DRAMPyML: A Formal Description of DRAM Protocols with Timed Petri Nets
The JEDEC committee defines various domain-specific DRAM standards. These standards feature increasingly complex and evolving protocol specifications, which are detailed in timing diagrams and command tables. Understanding these protocols is becoming progressively challenging as new features and complex device hierarchies are difficult to comprehend without an expressive model. While each JEDEC standard features a simplified state machine, this state machine fails to reflect the parallel operation of memory banks. In this paper, we present an evolved modeling approach based on timed Petri nets and Python. This model provides a more accurate representation of DRAM protocols, making them easier to understand and directly executable, which enables the evaluation of interesting metrics and the verification of controller RTL models, DRAM logic and memory simulators.
💡 Research Summary
The paper addresses the growing complexity of modern DRAM standards such as DDR5, LPDDR5 and HBM, whose specifications are spread across numerous timing diagrams and command tables. Traditional JEDEC state‑machine descriptions are insufficient because they ignore bank‑level parallelism and cannot capture the intricate timing constraints required for correct controller operation. Earlier work introduced a domain‑specific language called DRAMml together with a timed‑inhibitor‑reset Petri net model.

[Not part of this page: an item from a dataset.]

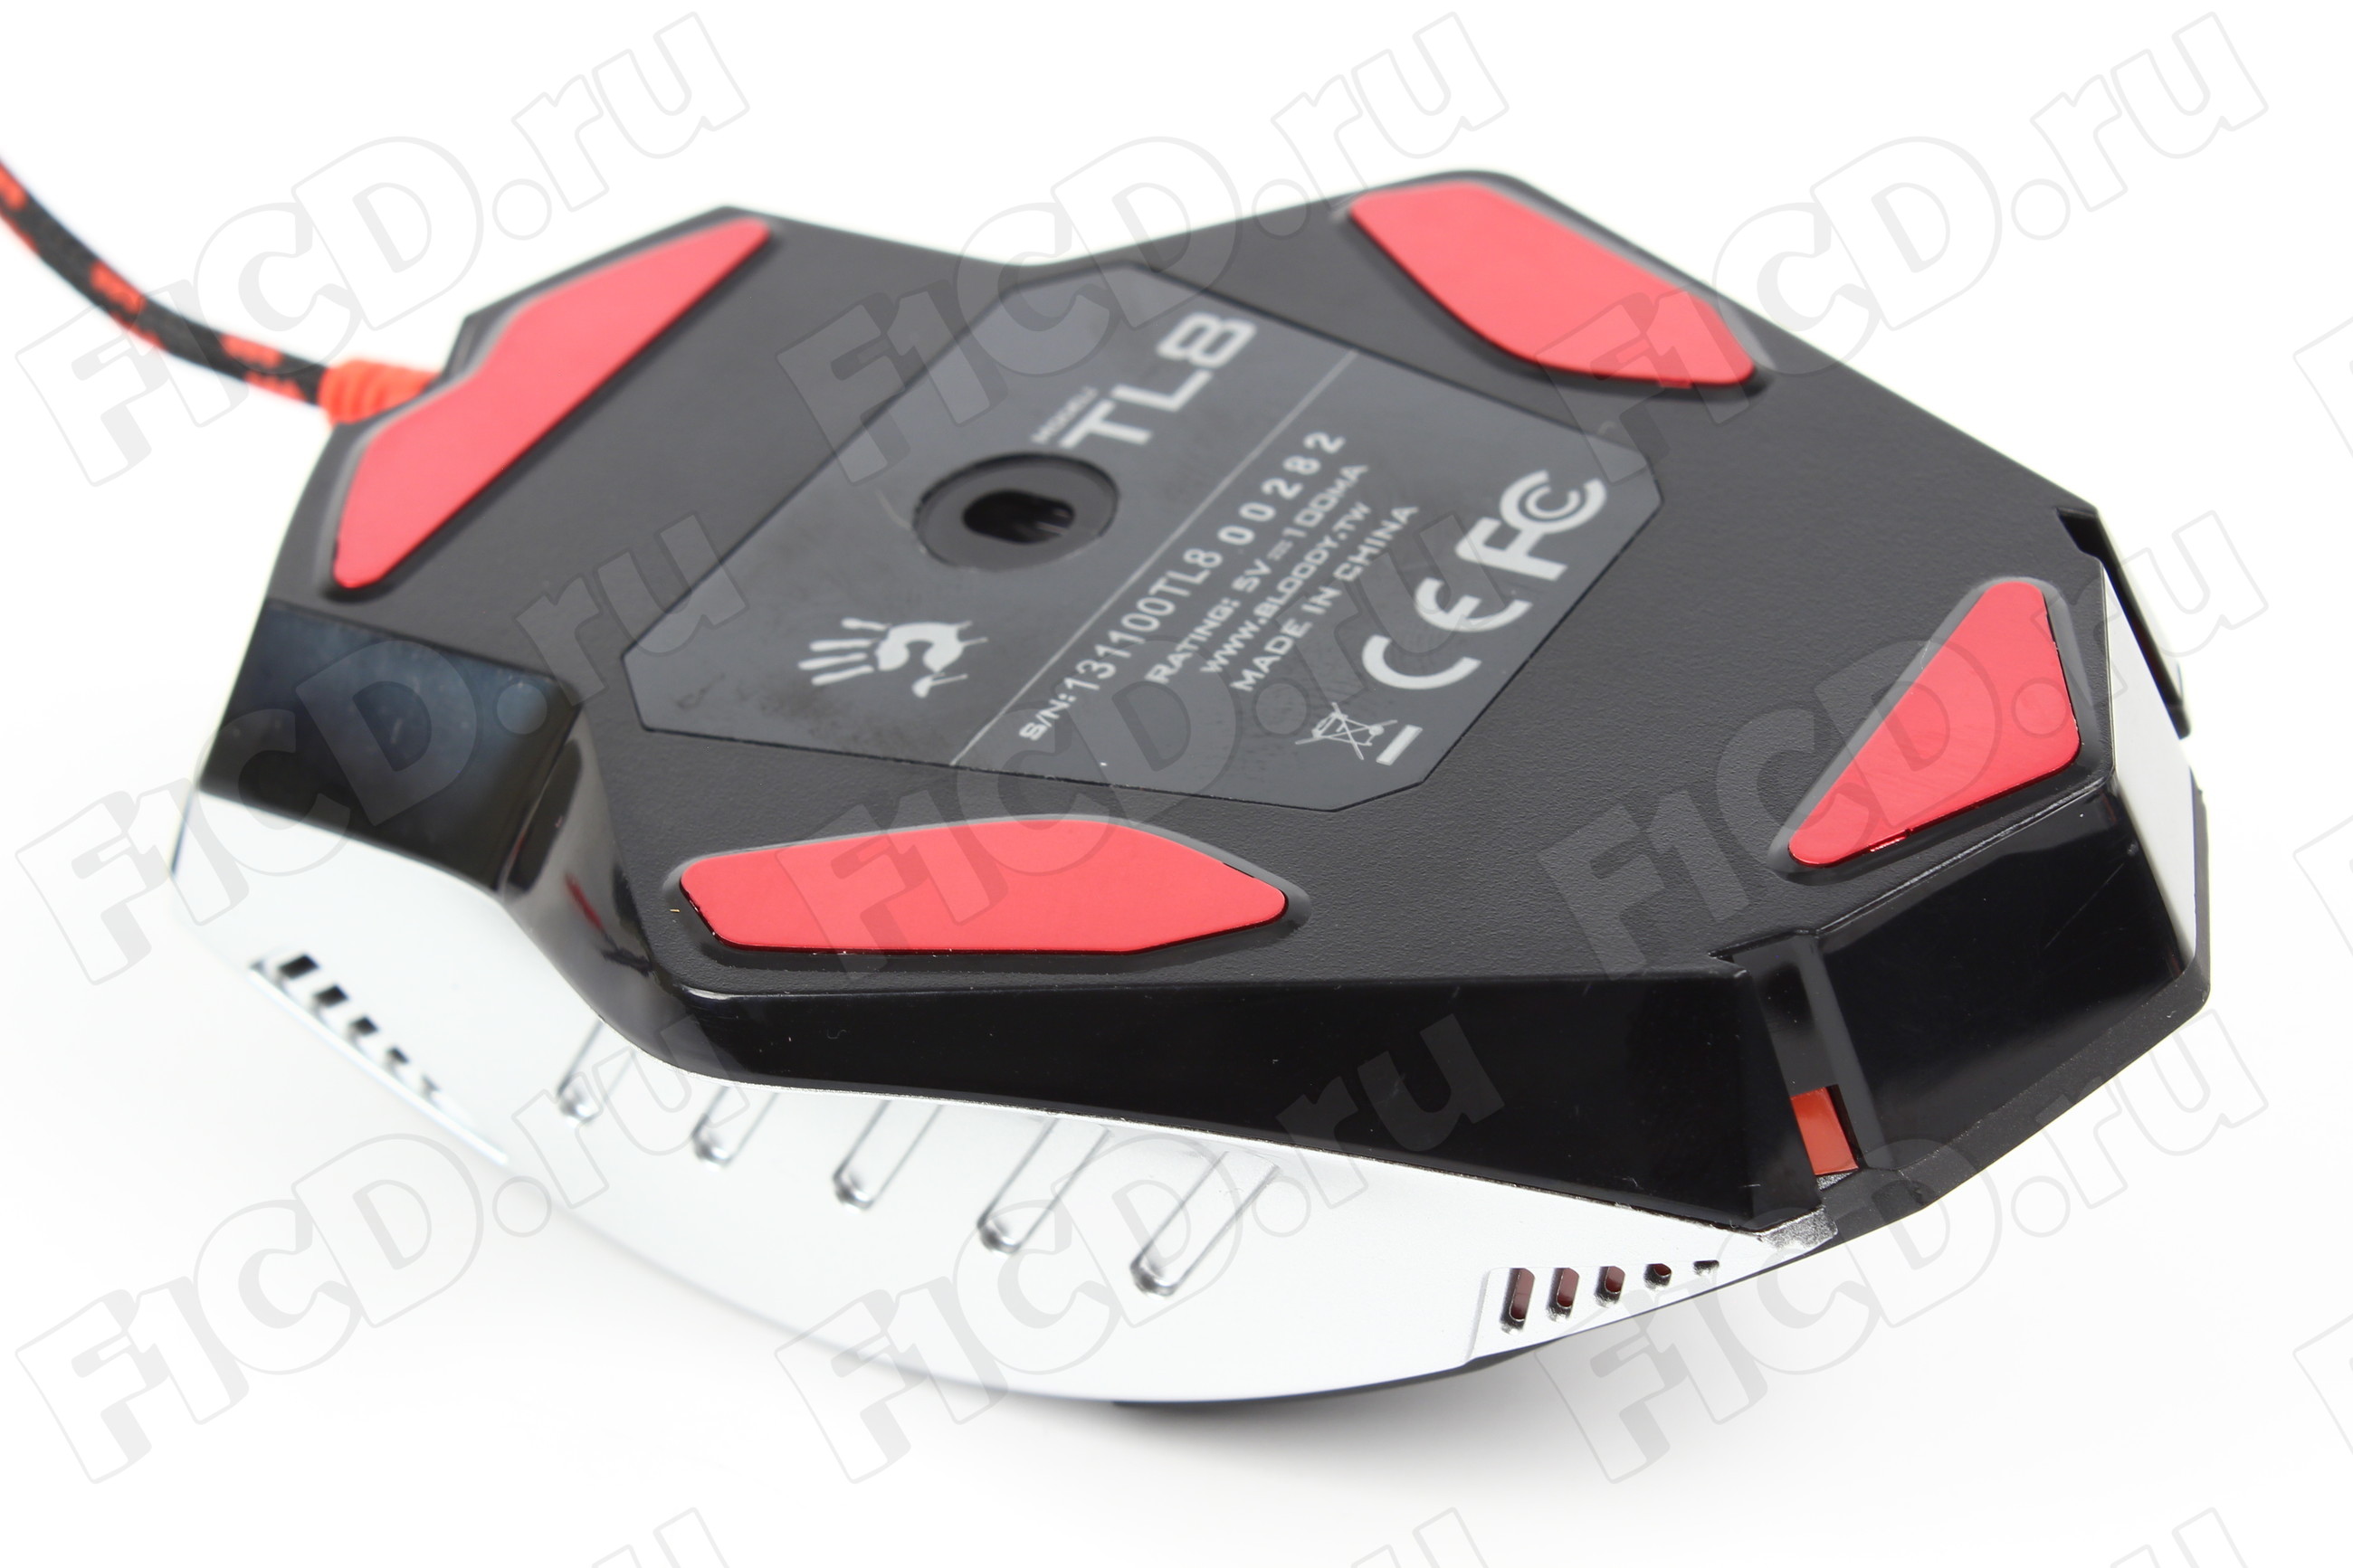 Eac blacklisted device bloody mouse a4tech rust фото 93

While DRAMml enabled automatic generation of a cycle‑accurate simulator (DRAMSys) and SystemVerilog assertions, its rigid hierarchical syntax could not express newer features like SameBank and Per2Bank commands, making it hard to maintain as standards evolve.
To overcome these limitations, the authors propose DRAMPyML, a new formal description method that leverages the general‑purpose Python language combined with timed Petri nets. The approach retains the expressive power of the previous Petri‑net model—places represent conditions, transitions represent commands, and tokens encode bank activation states—while adding the flexibility of Python for hierarchical construction and rapid prototyping. In the model, each bank has an ACTIVE place; an ACT transition creates a token in this place, and PRE or PREA transitions reset it via reset arcs. Inhibitor arcs prevent illegal command sequences (e.g., issuing ACT on an already active bank) and block power‑down or self‑refresh transitions when any bank is active. Timed arcs, equipped with age guards, enforce JEDEC‑specified minimum delays such as tRCD, tRAS, tRC, and more complex constraints like the N‑Activate Window or command‑bus occupancy. Custom timed‑inhibitor‑reset arcs model “command‑to‑command” blocking periods (tx) without needing separate DSL constructs.
Implementation details show a concise Python API: a graph object g is populated with places and transitions using g.add_node and g.add_edge, while specialized arc objects (ResetArc, InhibitorArc, TimedArc) encode the required semantics. The authors provide example code snippets that automatically generate the full hierarchy of ranks, banks, and channels based on parameterized loops, dramatically reducing description size compared with DRAMml. Because the model is executable in the Python interpreter, designers can feed a sequence of commands and obtain immediate feedback on timing violations, enabling rapid functional validation of controller logic.
For verification, the authors demonstrate two complementary uses. First, the executable model drives a simple protocol‑compliant memory controller that can be co‑simulated with RTL designs, exposing mismatches early in the design flow. Second, the model is traversed to automatically emit SystemVerilog Assertions (SVAs) that encode the same timing constraints; these assertions can be integrated into standard verification environments to check existing RTL controllers for JEDEC compliance. Formal analysis algorithms are also described: reachability analysis verifies that all banks can be simultaneously active, dead‑lock detection ensures that power‑down and self‑refresh transitions are always reachable, and timing‑window analysis quantifies the maximum number of outstanding activates allowed under a given tFAW constraint.
Experimental results on a DDR5‑like configuration show that DRAMPyML can model the full set of commands, including SameBank and Per2Bank, with a description size roughly 30 % of the equivalent DRAMml model. The generated SVAs correctly flagged injected protocol violations in a reference RTL controller, and the Python‑based simulator reproduced the timing behavior of the DRAMSys cycle‑accurate model with negligible performance overhead.
In summary, DRAMPyML provides a flexible, Python‑driven formalism for DRAM protocol specification that captures both functional and temporal aspects using timed‑inhibitor‑reset Petri nets. It enables executable modeling, automatic generation of verification artifacts, and formal analyses that were previously cumbersome or impossible with rigid DSLs. The approach promises easier adaptation to future JEDEC standards and a unified verification flow from high‑level protocol description down to RTL and silicon validation.